For tag-based use cases (for example, find all assets with specific tags, analyze tag coverage, compliance reporting), join ASSETS with the TAGS view using ASSETS.GUID = TAGS.ASSET_GUID as the join condition.

Custom metadata use cases

For custom metadata use cases (for example, find assets with specific custom attributes you have defined in Atlan), join ASSETS with the CUSTOM_METADATA view using ASSETS.GUID = CUSTOM_METADATA.ASSET_GUID as the join condition.

README use cases

To get the full readme text for an asset (helpful in queries that search documentation or find undocumented assets, or general knowledge base queries), join ASSETS with the README view using ASSETS.README_GUID = README.GUID as the join condition.

Lineage use cases

The Gold layer has a LINEAGE table that enables simple impact analysis, root cause analysis, data flow visualization, and change management. Every row in the LINEAGE table has a START_GUID column that describes the starting point for lineage, and a RELATED_GUID column that describes the adjacent related asset. Use ASSETS.GUID = LINEAGE.START_GUID to get details about the starting asset, and LINEAGE.RELATED_GUID = ASSETS.GUID to get related asset details.

Glossary use cases

The GLOSSARY_DETAILS view contains details about glossaries, categories, and terms in Atlan. To find which terms are on an asset, join ASSETS with GLOSSARY_DETAILS using ASSETS.TERM_GUIDS contains GLOSSARY_DETAILS.GUID.
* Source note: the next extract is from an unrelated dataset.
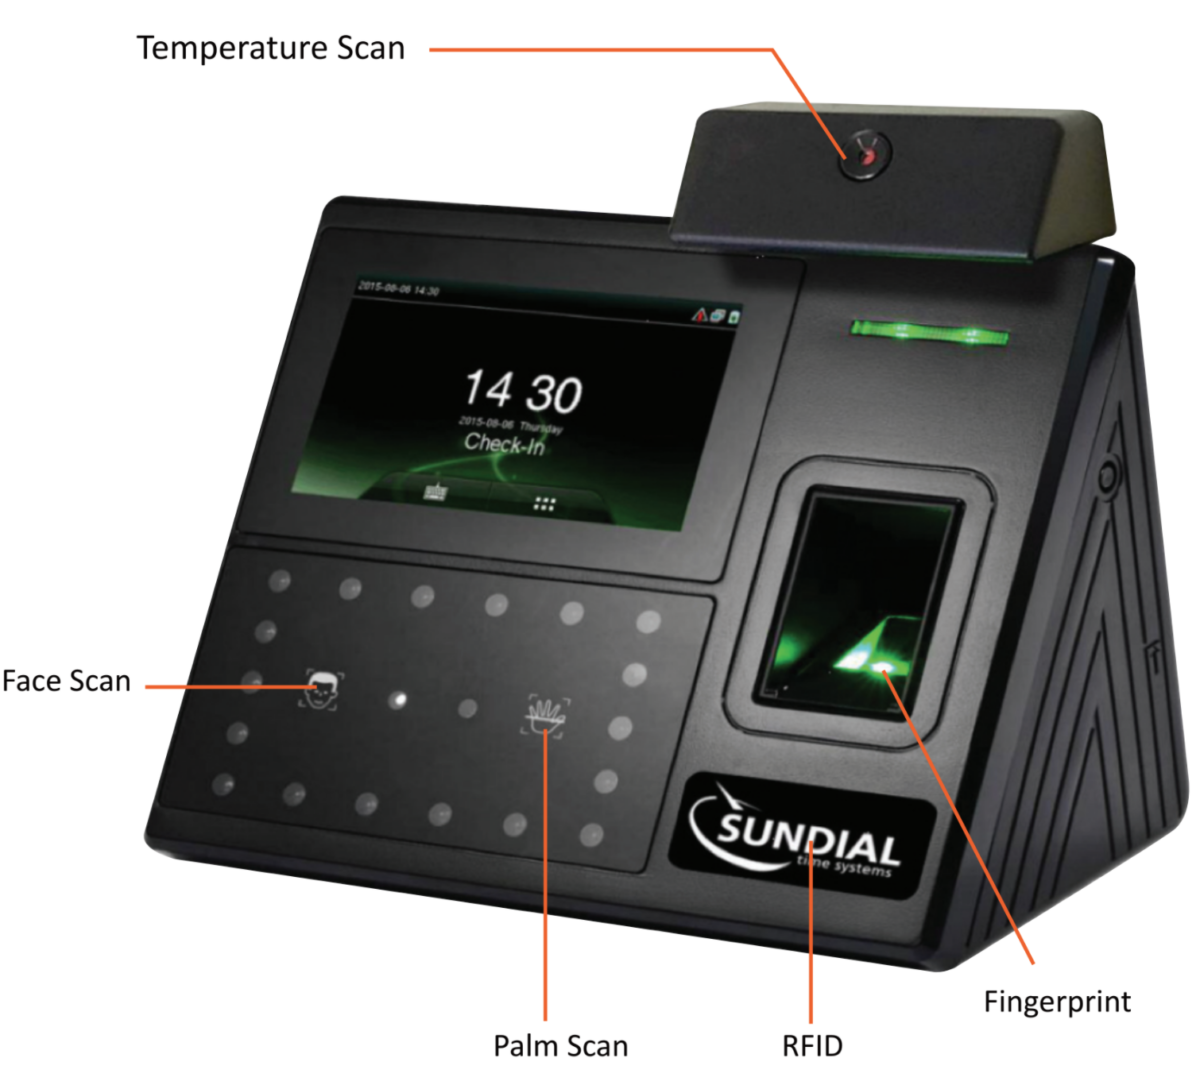 biometric time clock without subscription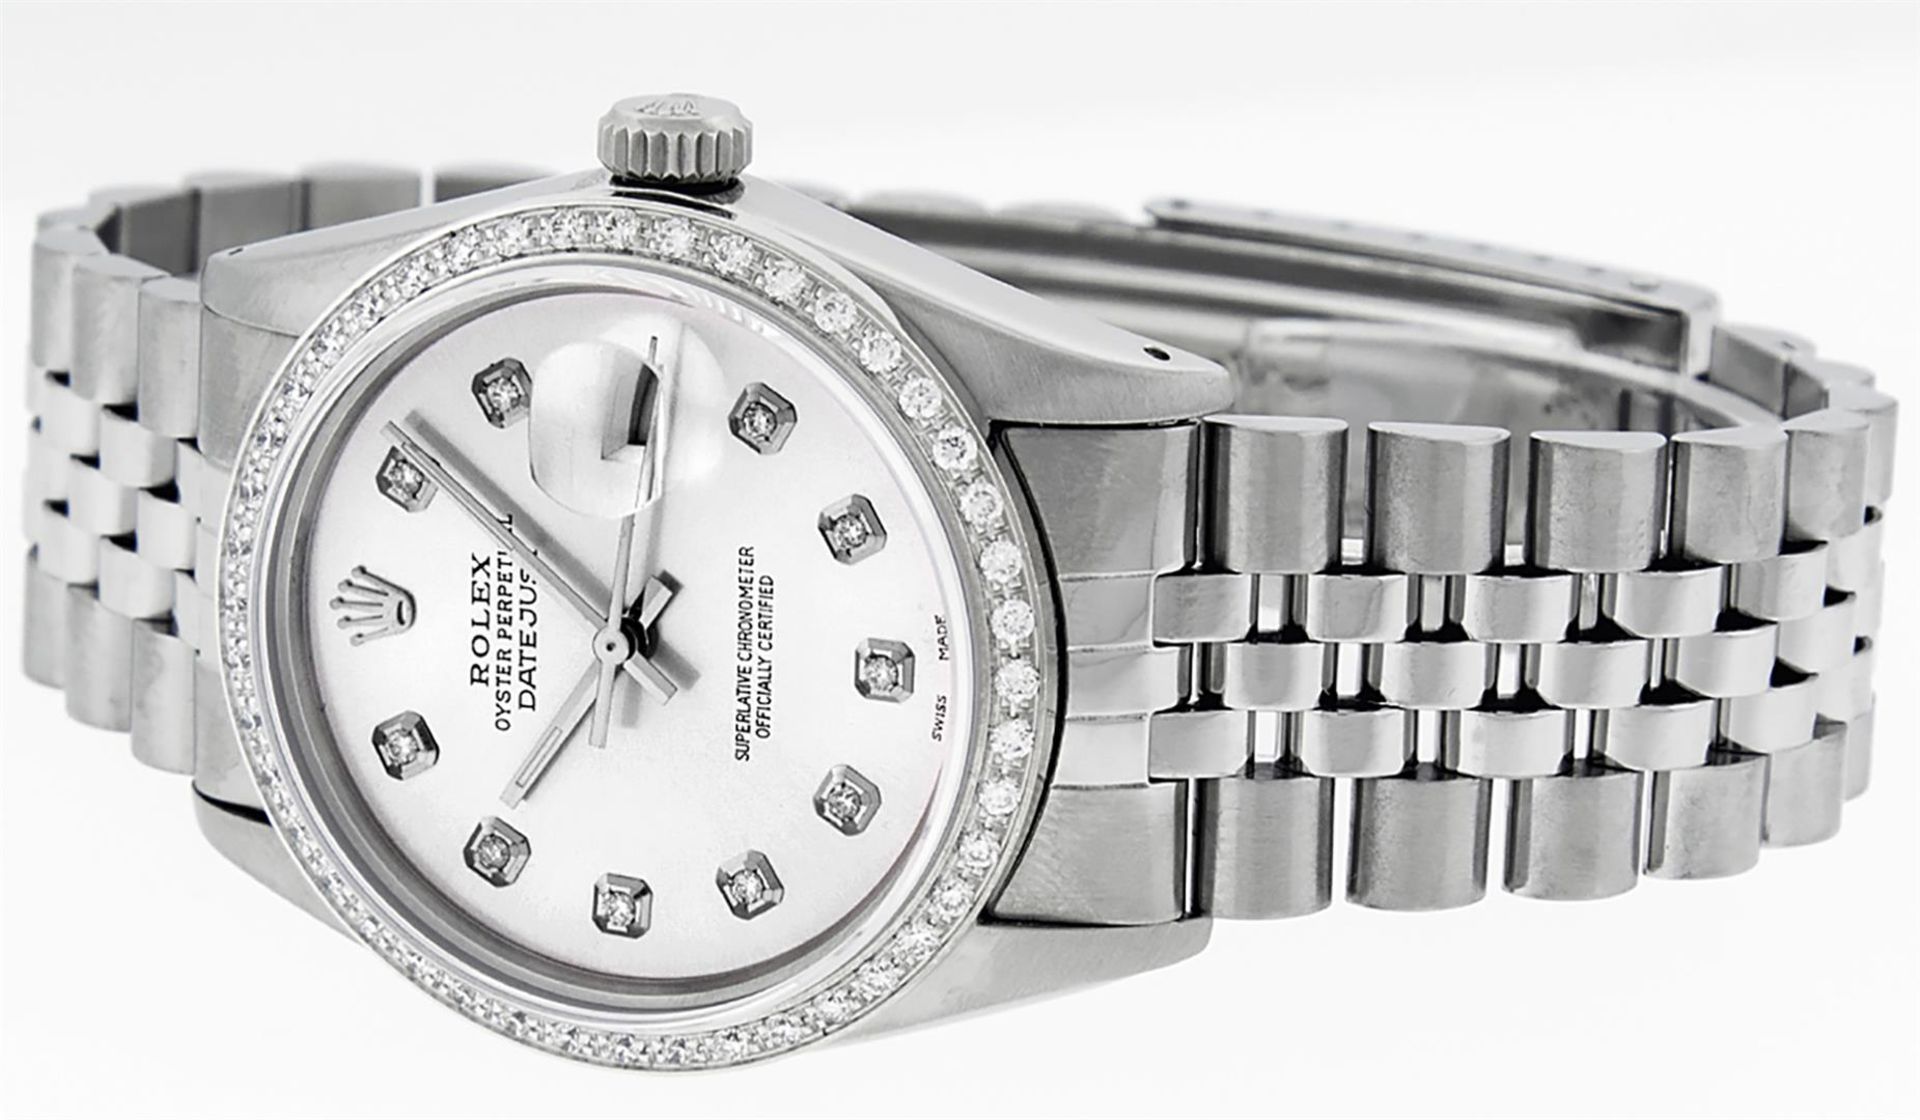 Rolex Mens Datejust 36 Stainless Steel Silver Diamond Oyster Datejust Wristwatch - Image 9 of 9

To understand term adoption analysis, finding assets by business term, and build glossary coverage reports, join GLOSSARY_DETAILS with ASSETS using GLOSSARY_DETAILS.ASSIGNED_ENTITIES contains ASSETS.GUID.

GLOSSARY_DETAILS also has an ANCHOR_GUID column that describes the glossary that the term or category belongs to, so you can understand glossary structure or hierarchy (for example, link a term or category to its parent glossary) or find all terms in a glossary by doing a self-join on GLOSSARY_DETAILS using GLOSSARY_DETAILS.ANCHOR_GUID = GLOSSARY_DETAILS.GUID.

Exploring relational asset hierarchy

The RELATIONAL_ASSET_DETAILS view contains details about all relational assets registered in Atlan, including databases, schemas, tables, and columns. Details also include structural information about each asset that can be used to explore schemas and database inventory, such as DATABASE_SCHEMAS (GUIDs for schemas in a database) and TABLE_COLUMNS (GUIDs for columns in a table).

Understanding pipelines and data sources/outputs

You can use the PIPELINE_DETAILS view to understand pipeline dependency analysis, map ETL/ELT flows, and track transformations. Each row in PIPELINE_DETAILS has INPUT_GUIDS_TO_PROCESSES and OUTPUT_GUIDS_TO_PROCESSES columns that are arrays of input/output assets to each process, that you can then flatten and join with ASSETS for further analysis.

Data quality use cases

To monitor data quality checks, track failed checks, and build asset quality reports, join the DATA_QUALITY_DETAILS view with ASSETS using DATA_QUALITY_DETAILS.GUID = ASSETS.GUID as the join key.